I took many years of French in school and always was at the top of the class, but those classes heavily involved grammar, reading, and writing, while doing little to address listening and speaking skills.

I haven't taken a French class for a few years but I'm still trying very hard to improve and eventually become fluent. Right now, I'm very good at reading. I can pick up essentially any French book or news article and understand what it's saying without much effort. I've been reading the entire Harry Potter series in French (admittedly, not a super challenging read, but it keeps me engaged and interested) and I can feel how much faster and better I am getting with each book in the series! It's so satisfying and exciting.

However... other than reading, I feel basically hopeless. I have tried so many methods to improve my listening skills, in particular. I've tried to watch countless TV shows, listened to audiobooks, watched movies, etc. Yet as I'm watching/listening, the dialogue usually sounds like gibberish with a few words I recognize mixed in, going 100 miles per hour. I can only recognize the most basic phrases, or the ones that are said very slowly. But the weird thing is, the second I turn French subtitles on, I'm suddenly like "oh, OF COURSE that's what they are saying. How did I not realize that before?" Then if I turn off subtitles and try listening to more, I'm completely lost again. It's so incredibly frustrating because I know I should be able to understand what they are saying (it's not a vocabulary or general French comprehension issue), but I just can't.

Anyway, I'm about to be on summer break from college, which means about 4 months with no schoolwork to worry about. My goal is do everything I can in this time to improve my listening comprehension, and once I get back to school I can start taking some advanced French courses (maybe getting a French minor), or even start seriously approaching a new language (I've learned the basics of a few, but certainly haven't studied intensively) without feeling the guilt of "abandoning" French half-baked. So I would like to know: has anyone been in a similar situation to me, and do you have any tricks on how you got over it? Did you have any exercises or free online resources that helped you out? Would it be beneficial to keep watching TV/Movies even if I'm not understanding 80% of what's being said? Or should I use subtitles even though those make me not rely on my ear? Should I do something else entirely?

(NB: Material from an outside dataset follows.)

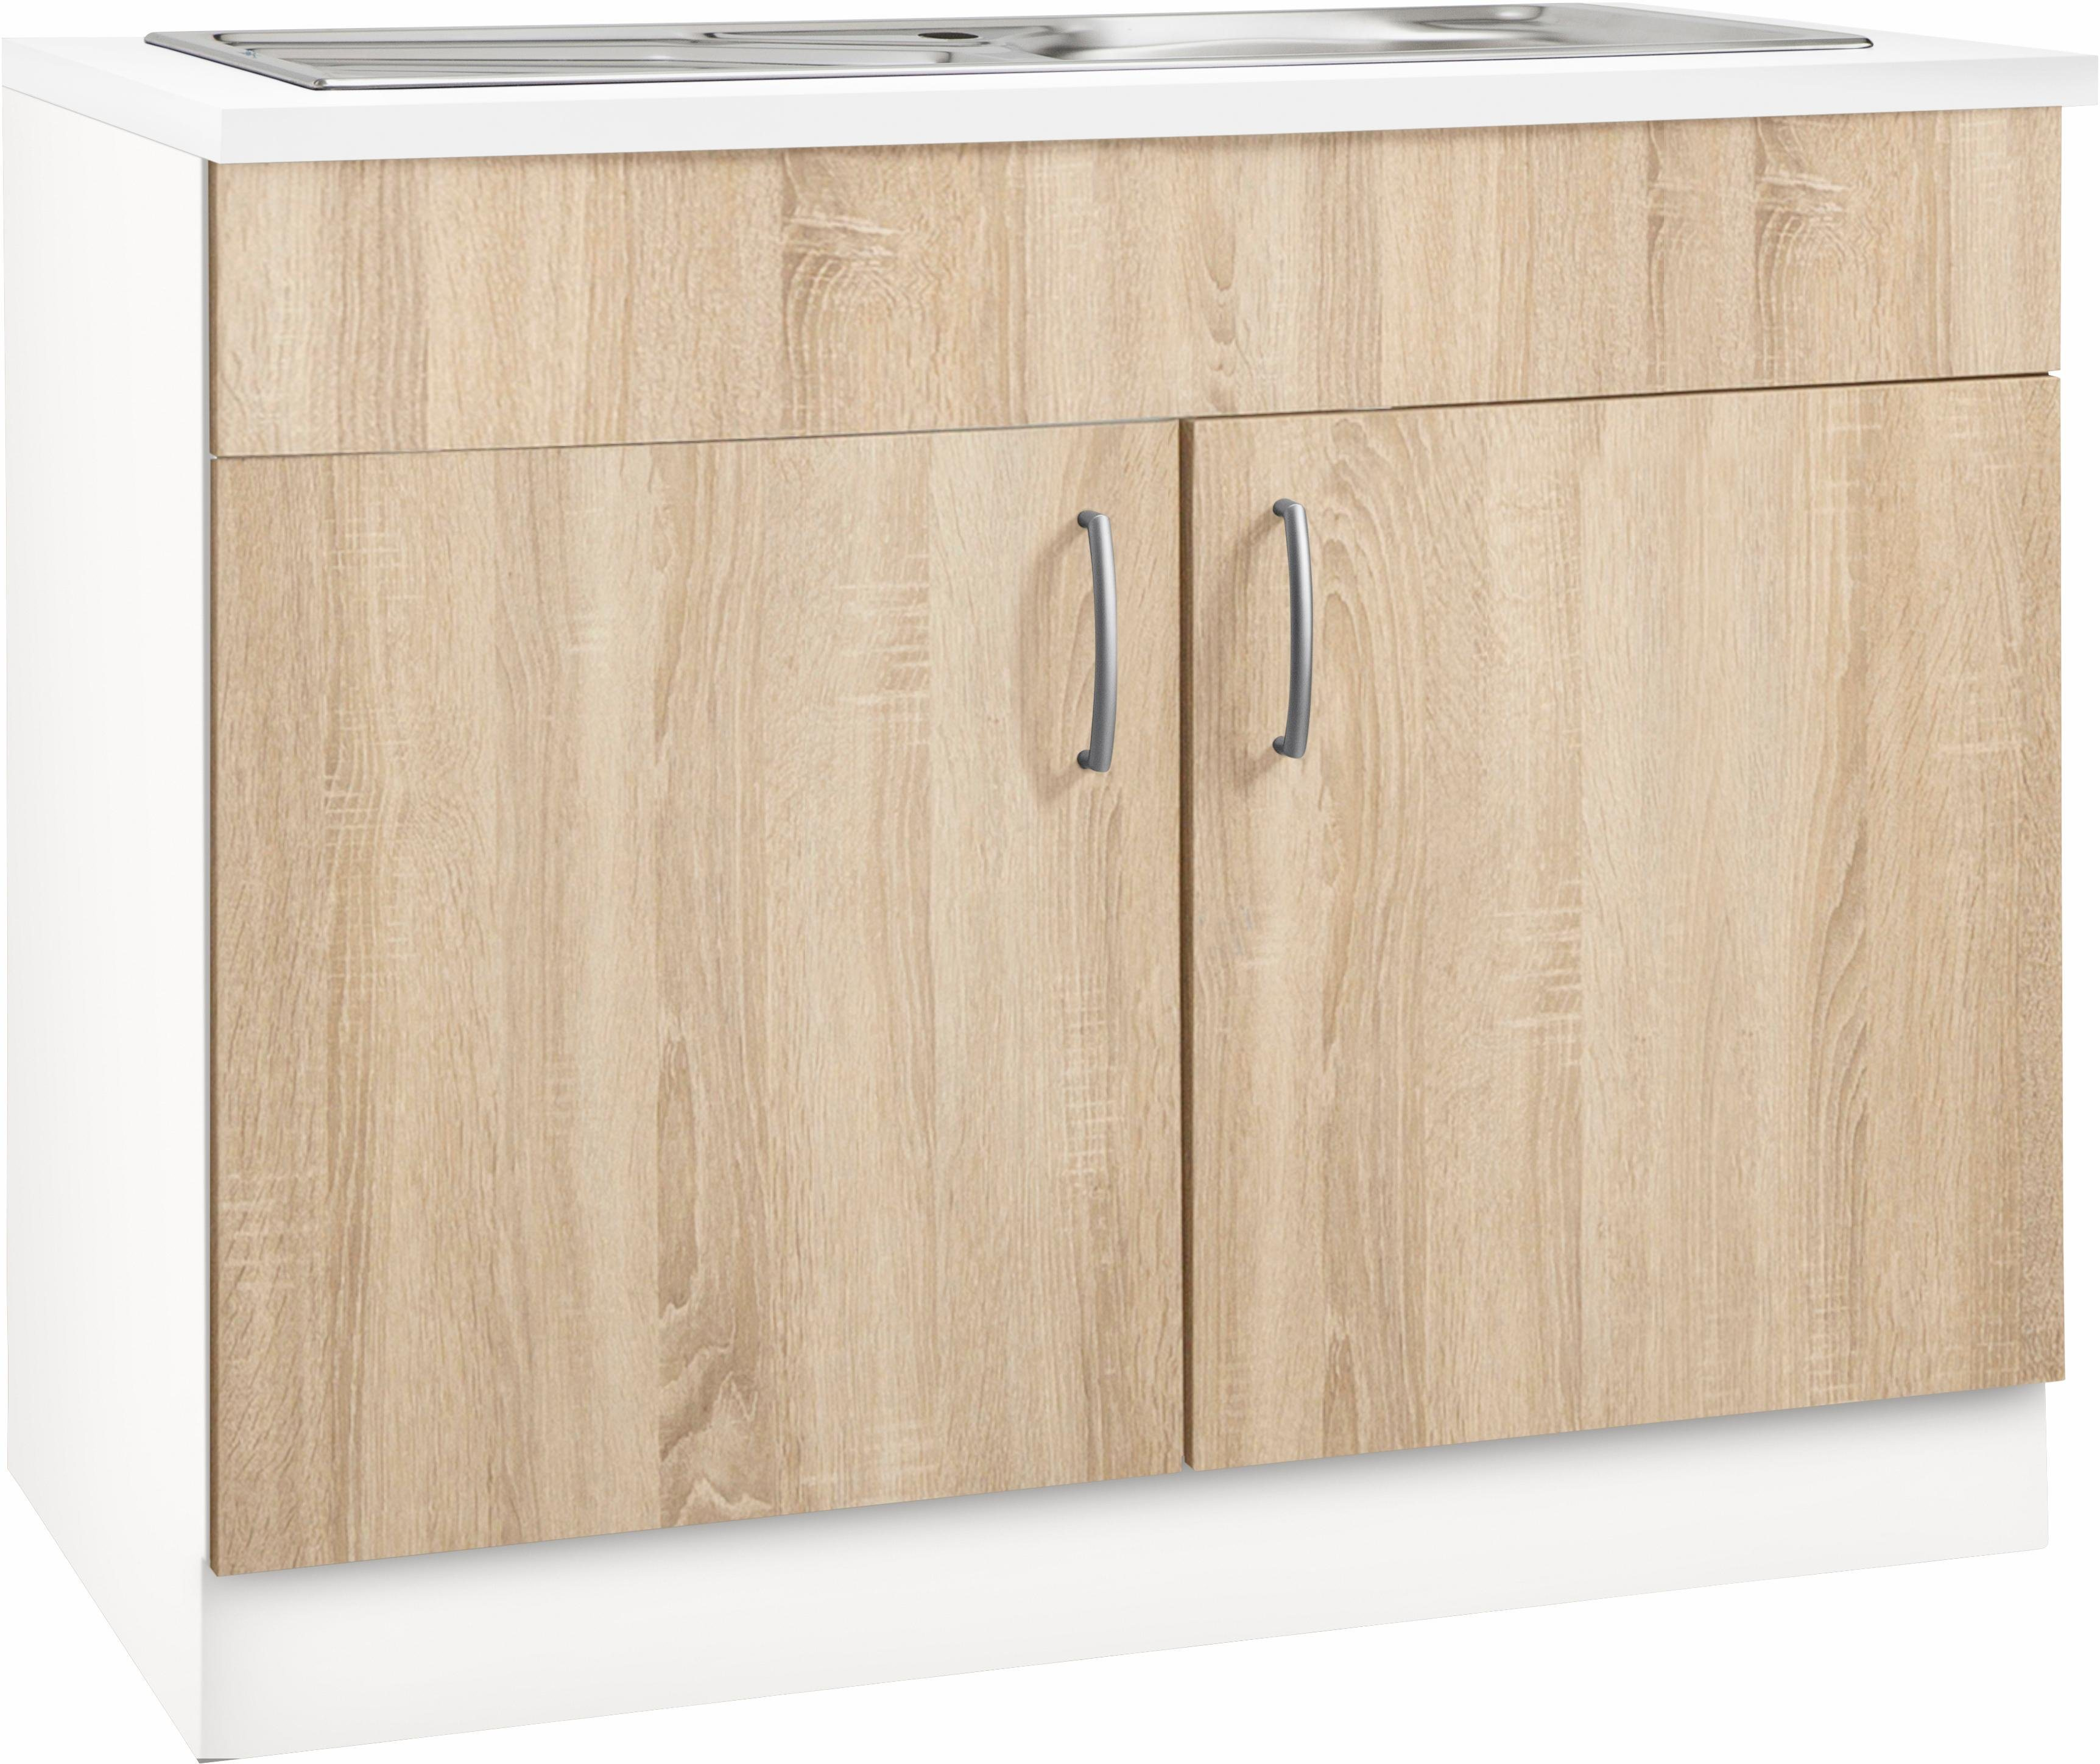 Spülenschrank »Brilon« | Küche und Esszimmer > Küchenschränke > Spülenschränke | Weiß - Glanz | Edelstahl - Melamin | wiho Küchen

Thanks so much for the help!
1 person has voted this message useful



tastyonions
Triglot
Senior Member
United States
goo.gl/UIdChYRegistered users can see my Skype Name
Joined 4424 days ago

1044 posts - 1823 votes 
Speaks: English*, French, Spanish
Studies: Italian

 
 Message 2 of 22
18 May 2015 at 12:35am | IP Logged 
If you have not already, try listening to radio first. Not necessarily news radio, which can be delivered awfully fast and switch topics every minute or two, but things such as debate shows that center on a single topic, or shows where a host interviews one or two guests. These tend to have pretty clear, measured delivery and people who are practiced public speakers rather than actors who are simulating "real life"-style dialogue. France Inter and France Culture have lots of options, many of them downloadable as mp3.

Those kinds of radio shows were an important ingredient in my graduating from understanding Assimil dialogues to getting more difficult stuff like movies and comedy.

This advice is assuming that you have little trouble with most "learner" audio.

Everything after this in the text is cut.